# 6.7 Liter power stroke



## phi471 (Feb 14, 2006)

Just bought an '11 F 250 the other day. So far I have heard only good things about them. But I want to know anyone else's experience. The good, bad and ugly, also what kind of oil do you use when you change it. Thanks.


----------



## ReelWork (May 21, 2004)

Love mine... If you have any transmission shimmy or hard shift on 3-4 or 4-5, take it in and have them flash it. 

I'm using Motorcraft OEM oil from the dealer, but will probably change to full synthetic at next oil change. Just over 15k miles right now. 

I have 4 Bilsteins on order to replace those crappy Rancho wannabe shocks as well as a BSD steering stabilizer bracket kit with Bilstein dampeners. The steering is a bit sloppy on rough terrain and these upgrades will fix that and promote longer life on the ball joints. 

Congrats. You're gonna love it - that 6.7 is a beast!


----------



## DSL_PWR (Jul 22, 2009)

Bilstein are good shocks but Fox make some that rock, that is if you want to spend some coin. 

Use Motorcraft oil (red bottles) specifically for the diesels.

I can post a link tonight for fuel filter/oil filters that will save you some money.


----------



## ReelWork (May 21, 2004)

Yeah I looked into Fox and would buy a set if they cost half as much, but $300 per shock is insane..


----------



## Redfishr (Jul 26, 2004)

Love mine and I have over 17,000 on it......OIL.....What ever the dealership puts in it.


----------



## ReelWork (May 21, 2004)

Put the Bilsteins on this morning and first impression is very good.
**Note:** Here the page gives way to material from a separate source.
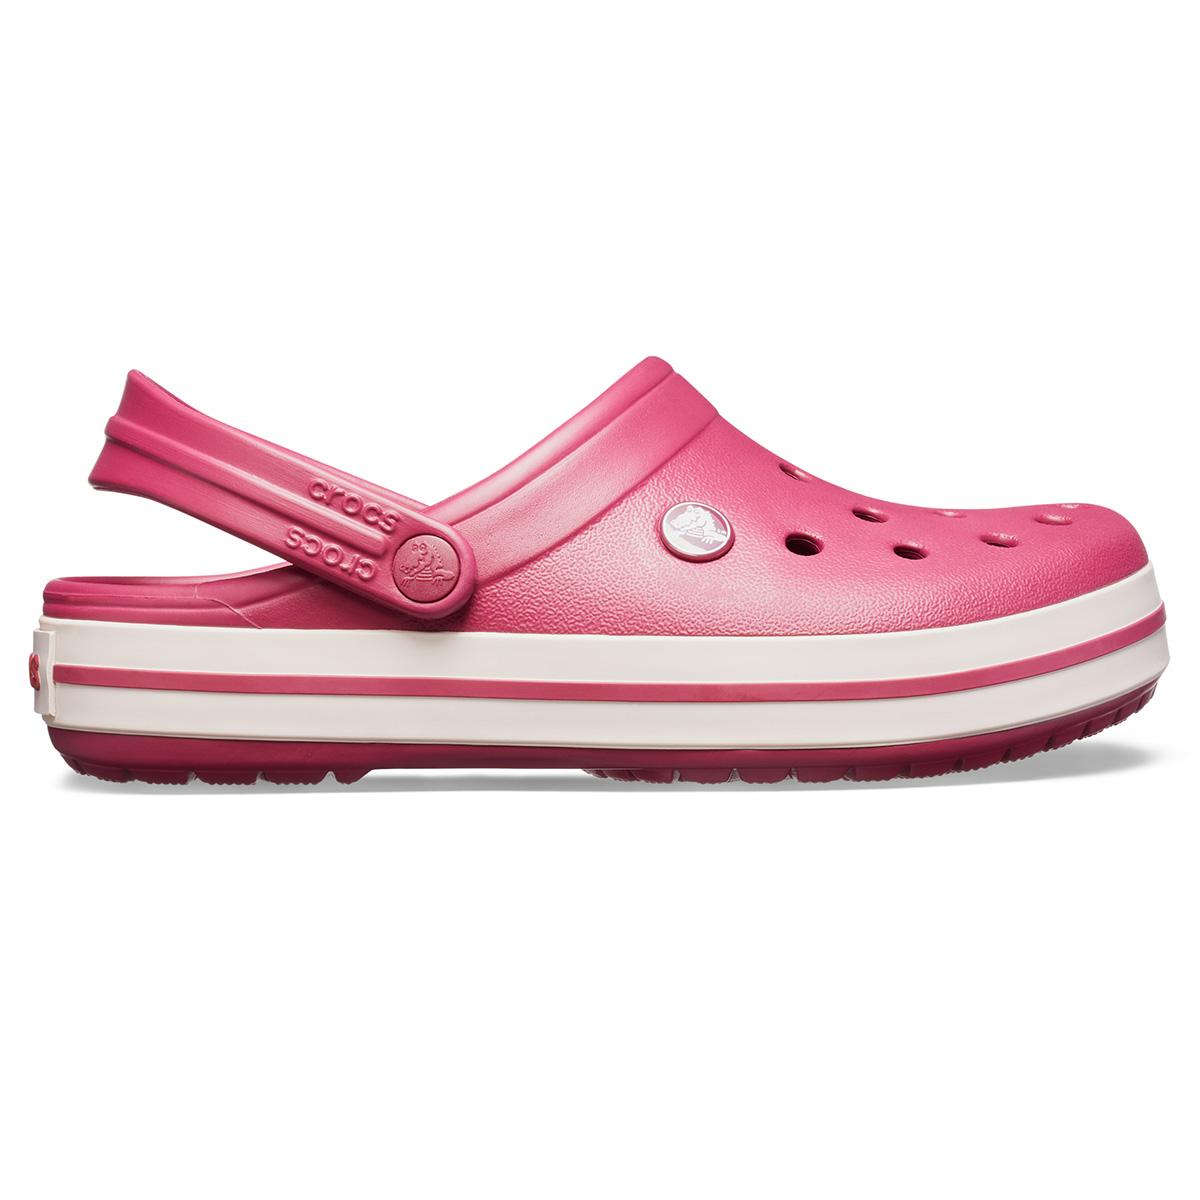 Crocs Crocband - Nar/Gül Tozu

Most notably were those little cracks, potholes and bumps which used to transfer road shock through the frame and/or rattle the cab weren't even felt. Much improved! 
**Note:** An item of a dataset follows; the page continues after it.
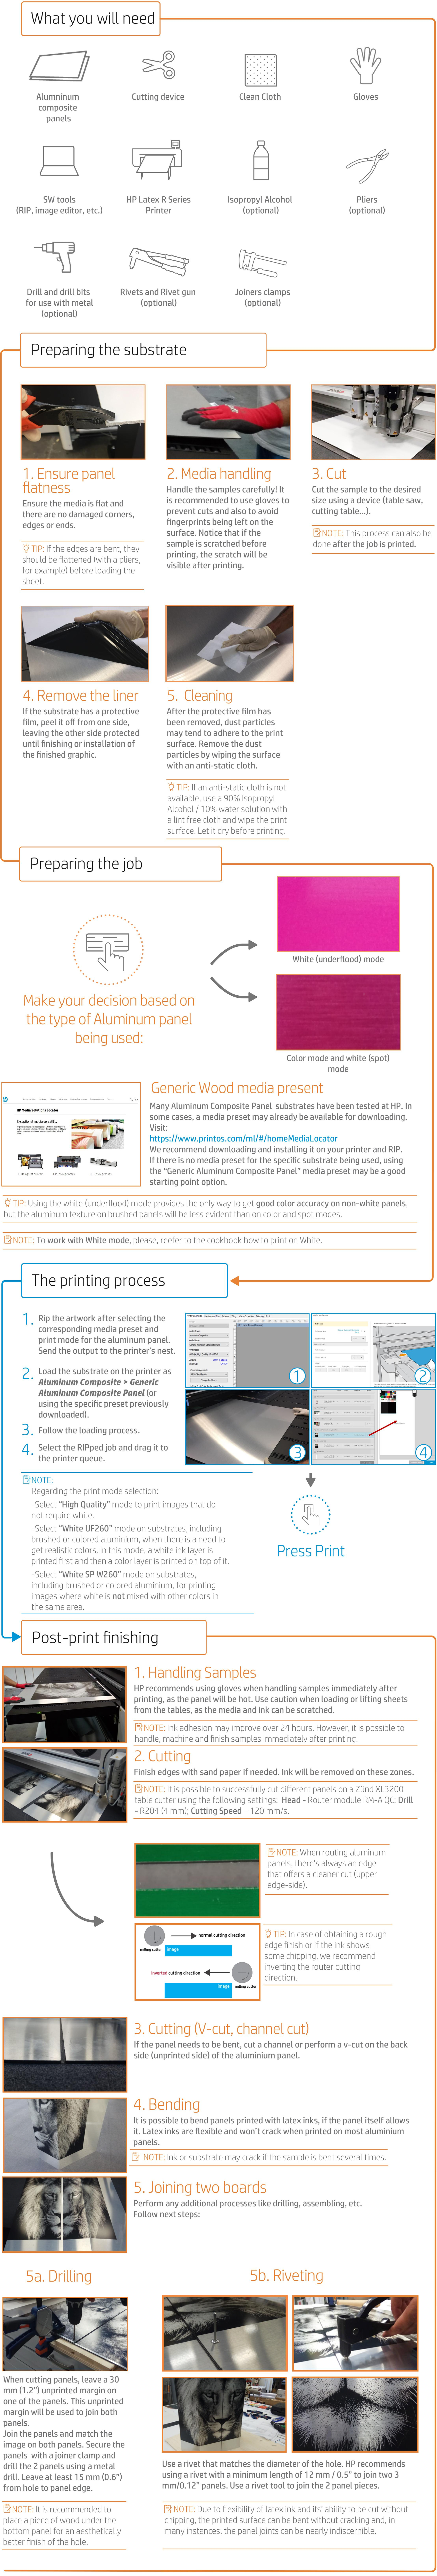 HP Latex Knowledge Center - How to print on aluminium composite

Ready for those steering stabilizers to eliminate the steering wobble and then this thing is gonna ride like a Lincoln. 

Anyone want a gently used set of Ranchos? Will sell 'em cheap...


----------



## DSL_PWR (Jul 22, 2009)

FWIW the real Rancho 9000 series shocks are supposed to be awesome. Getting a set to put on my truck next week.

Also here is the website for the filters/etc for the truck. Just search and find what you need. A lot cheaper than dealer prices, even with shipping..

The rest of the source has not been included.